Title: | Moving Subset Analysis FACE |
---|---|
Description: | The new methodology "moving subset analysis" provides functions to investigate the effect of environmental conditions on the CO2 fertilization effect within longterm free air carbon enrichment (FACE) experiments. In general, the functionality is applicable to derive the influence of a third variable (forcing experiment-support variable) on the relation between a dependent and an independent variable. |
Authors: | Wolfgang A. Obermeier [cre, aut], Lukas W. Lehnert [cre, aut], Joerg Bendix [aut] |
Maintainer: | Lukas W. Lehnert <[email protected]> |
License: | GPL |
Version: | 0.1.0 |
Built: | 2025-03-08 02:43:41 UTC |
Source: | https://github.com/cran/msaFACE |
The package msaFACE provides a new methodology called "moving subset analysis" to investigate the effect of environmental conditions on the CO2 fertilization effect within longterm free air carbon enrichment experiments. More generally, the functionality is applicable to derive the influence of a third variable (forcing experiment-support variable) on the relation between a dependent and an independent variable.

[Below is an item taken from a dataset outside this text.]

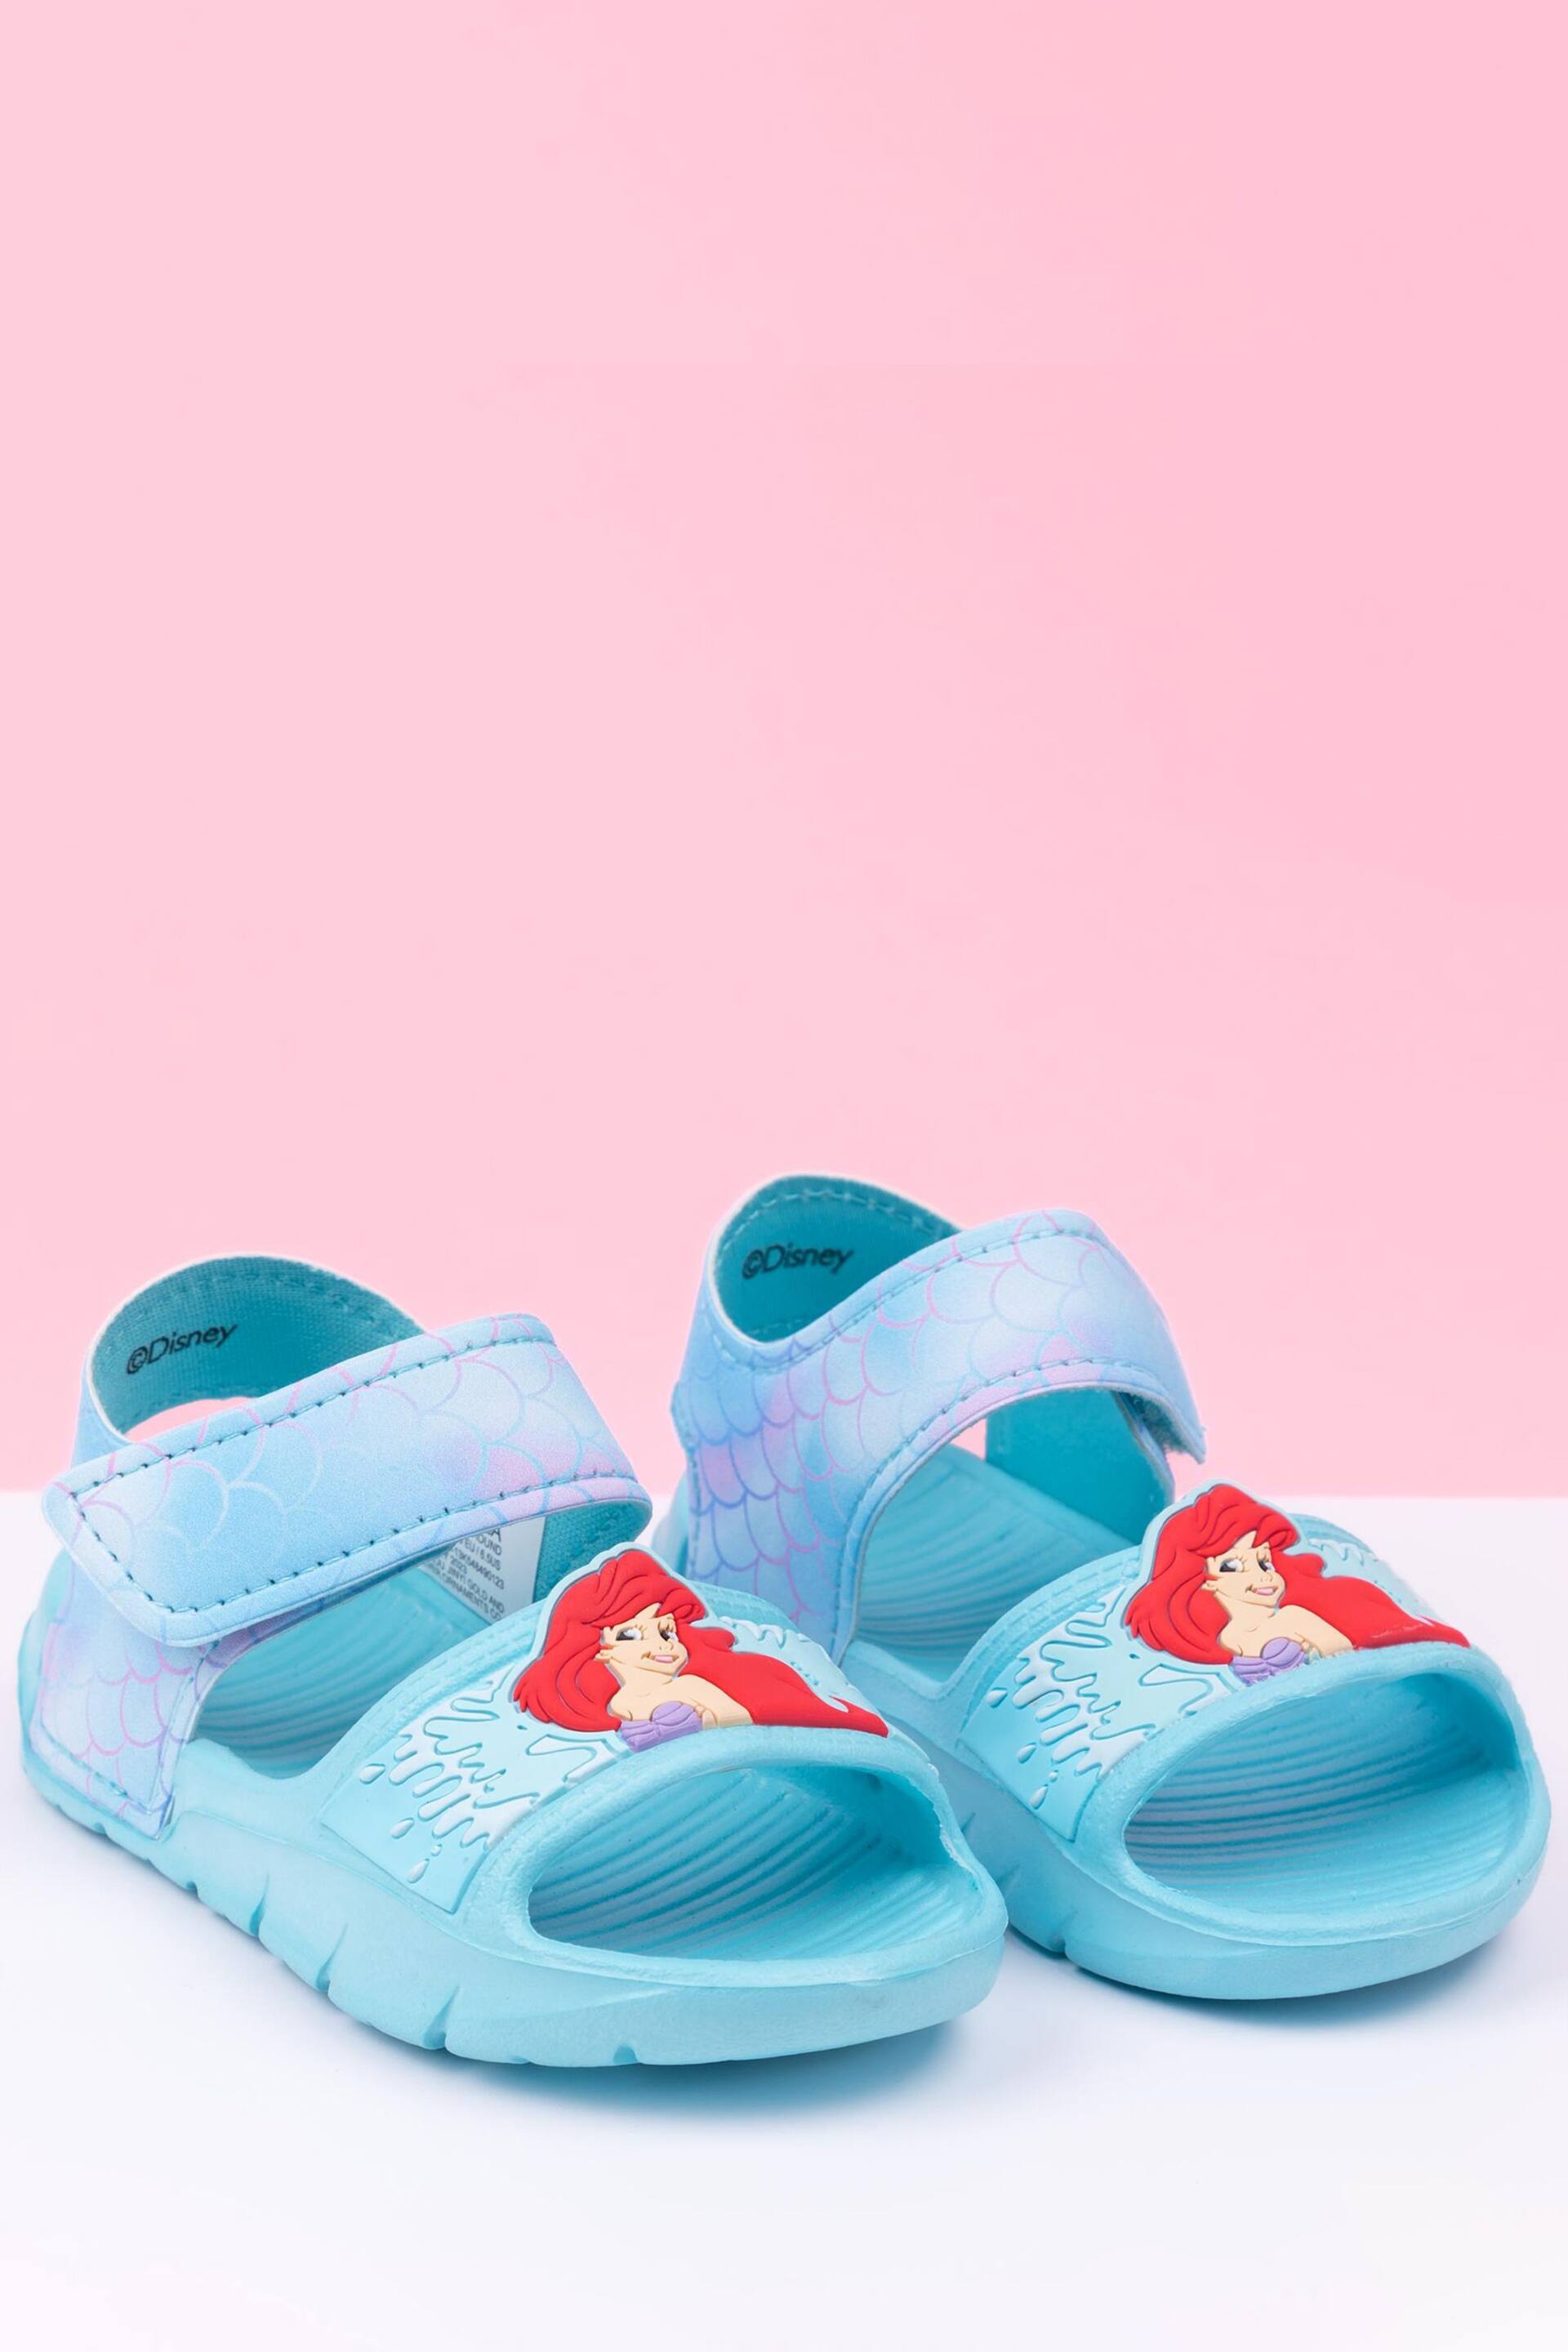 Vanilla Underground Blue Girls Little Mermaid Disney Sandals - Image 2 of 5

The main part of the package is the function moving_subset_analysis
which derives the CO2-fertilization effect (CFE) and relates it to the variable environmental conditions. The CFE is calculated by the regression between a dependent variable such as total aboveground biomass and the CO2 concentration in the air. Please note that the value of the function moving_subset_analysis
is of class 'MSA_coef
' for which several methods are available to plot and print the results.
Each experiment-support variable can be used as forcing variable, for which the influence on the CFE is analyzed through the following steps:
In the first step, the dataset is rearranged in ascending order of the forcing experiment-support variable. The total dataset is then partitioned into subsets where each contains observations featuring similar environmental characteristics. Taking the rainfall as an example, the first subset will encompass the driest years. For the second one, the year with the lowest rainfall sum is dropped and replaced by the year with the next lowest rainfall sum. This is repeated until the last subset is reached which encompasses the wettest years. For the GiFACE dataset with 16 years (1998-2013) of available data, 12 subsets are created for a window size of 30 observations (each subset encompassing six rings and five years).

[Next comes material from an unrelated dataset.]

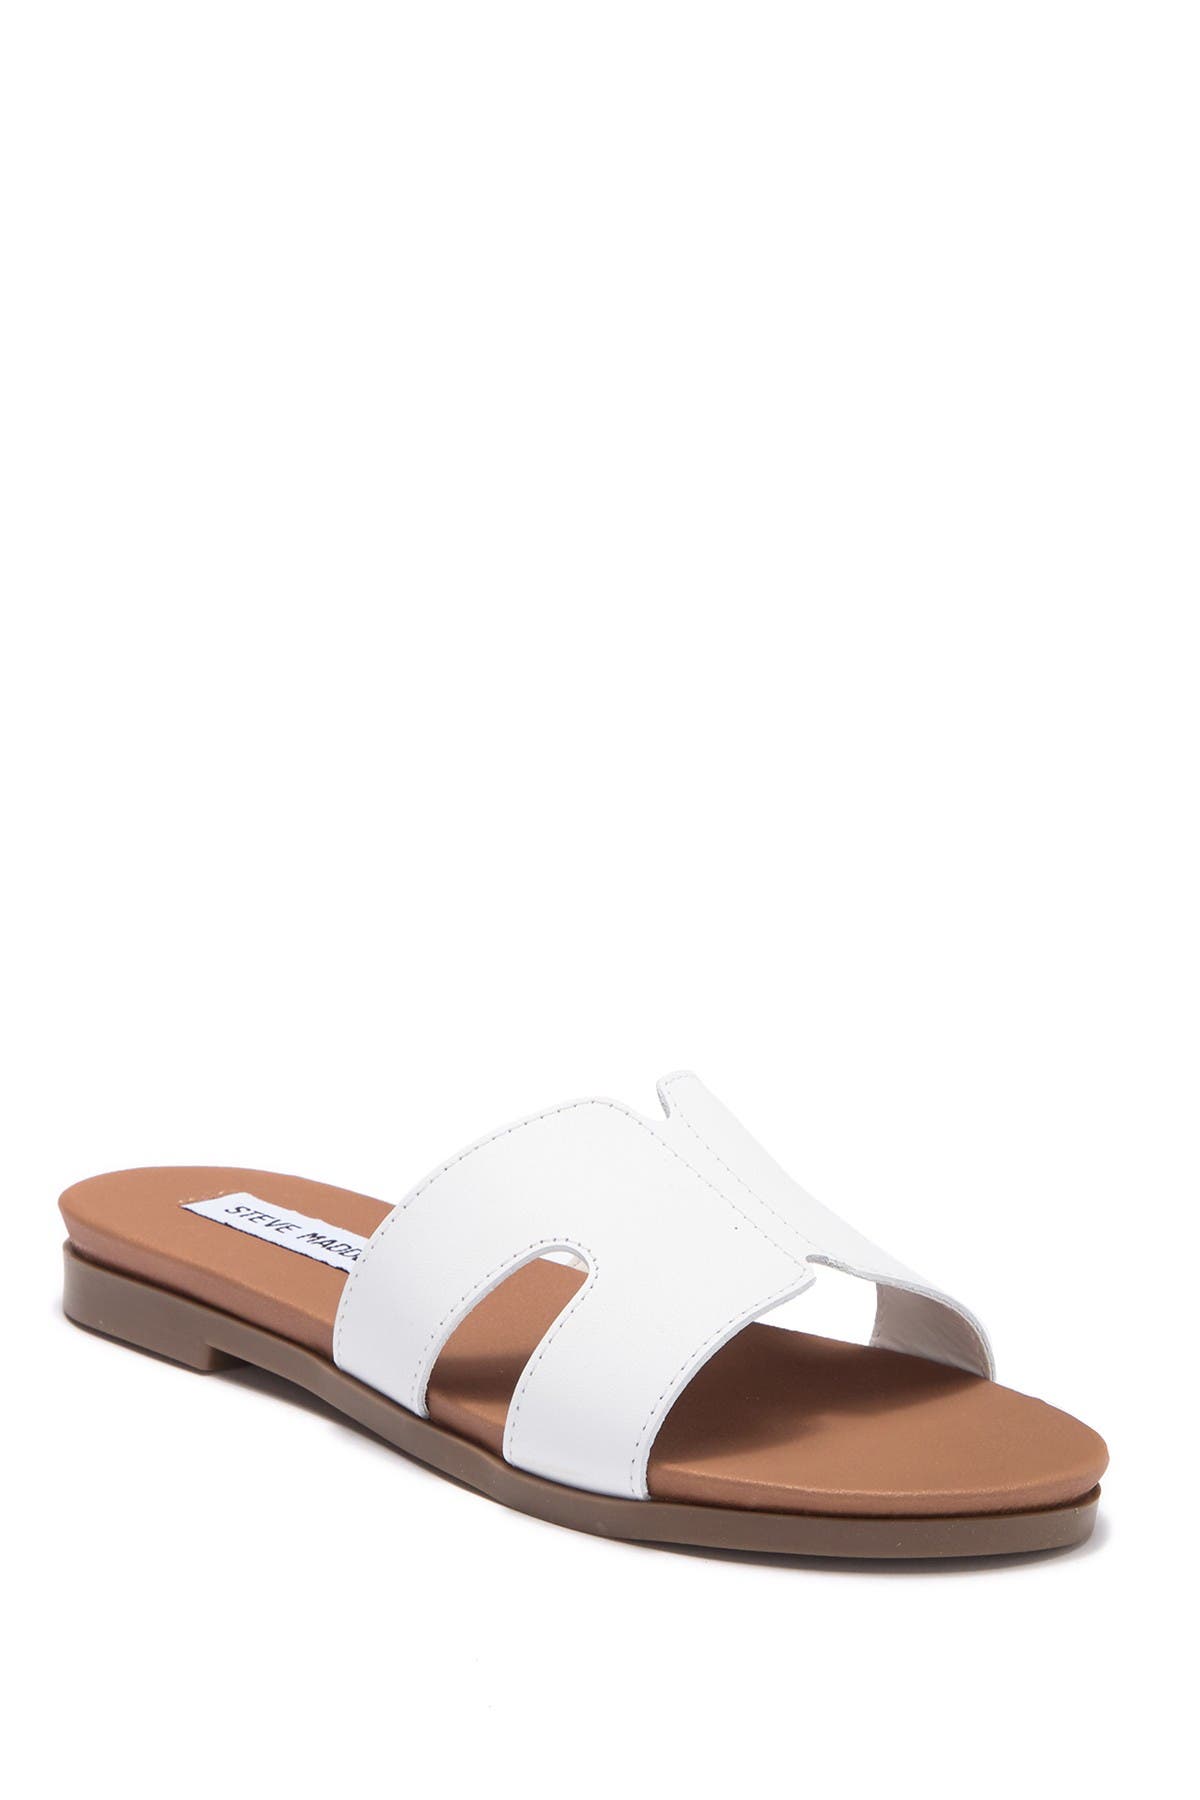 Steve Madden Hoku Slide Sandal In White Leat

The CFE is then derived as the slope of the regression model between the CO2 concentration of the air and the selected dependent variable, which is calculated separately within each of the subsets defined above.
By presenting the slope and its significance against the average of the forcing experiment-support variable in the subset, the influence of the respective variable on the CFE is revealed. However, situated in natural environments, most of the experiment-support variables will be highly correlated and, thus, the influence of the forcing variable has to be interpreted carefully. Therefore, the msaFACE contains the possibility to plot the averages of the accompanying experiment-support variables in the subsets, enabling a comprehensive picture of the prevailing environmental conditions. All this can easily be achieved by the function plot.MSA_coef
.
To see the preferable citation of the package, type
citation("msaFACE")
.
Wolfgang A. Obermeier, Lukas W. Lehnert, Joerg Bendix
W. A. Obermeier, L. W. Lehnert, C. I. Kammann, C. Mueller, L. Gruenhage, J. Luterbacher, M. Erbs, G. Moser, R. Seibert, N. Yuan, J. Bendix (under review) Reduced CO2 fertilization in temperate C3 grasslands under more extreme weather conditions. Nature Climate Change
moving_subset_analysis
, GiFACE
, plot.MSA_coef
, print.MSA_coef
,
The dataset contains aggregated data from one of the globally longest time series (1998-2013) from a Free Air Carbon Enrichment experiment, settled in Giessen, Germany (GiFACE).
data(GiFACE)
data(GiFACE)
list
Within the experiment, a permanent temperate grassland is treated with elevated CO2 (~20% during daylight hours). In three rings the air is enriched with CO2 (-> elevated) while other three rings act under atmospheric CO2 (-> ambient). The late-summer yields as well as the CO2 concentrations (averaged in the three months before harvest) were measured ring-wise and can be used as dependent and independent variables within the Moving Subset Analysis. Experiment-support variables describing the environmental conditions were aggregated to their average in the three months preceding harvest (respectively sum for solar radiation and precipitation). These environmental variables can be used (1) as forcing variables to derive the subsets (where regression within the moving subset is performed) and (2) be plotted as accompanying variables to get a clear picture of the environmental conditions within the respective subset.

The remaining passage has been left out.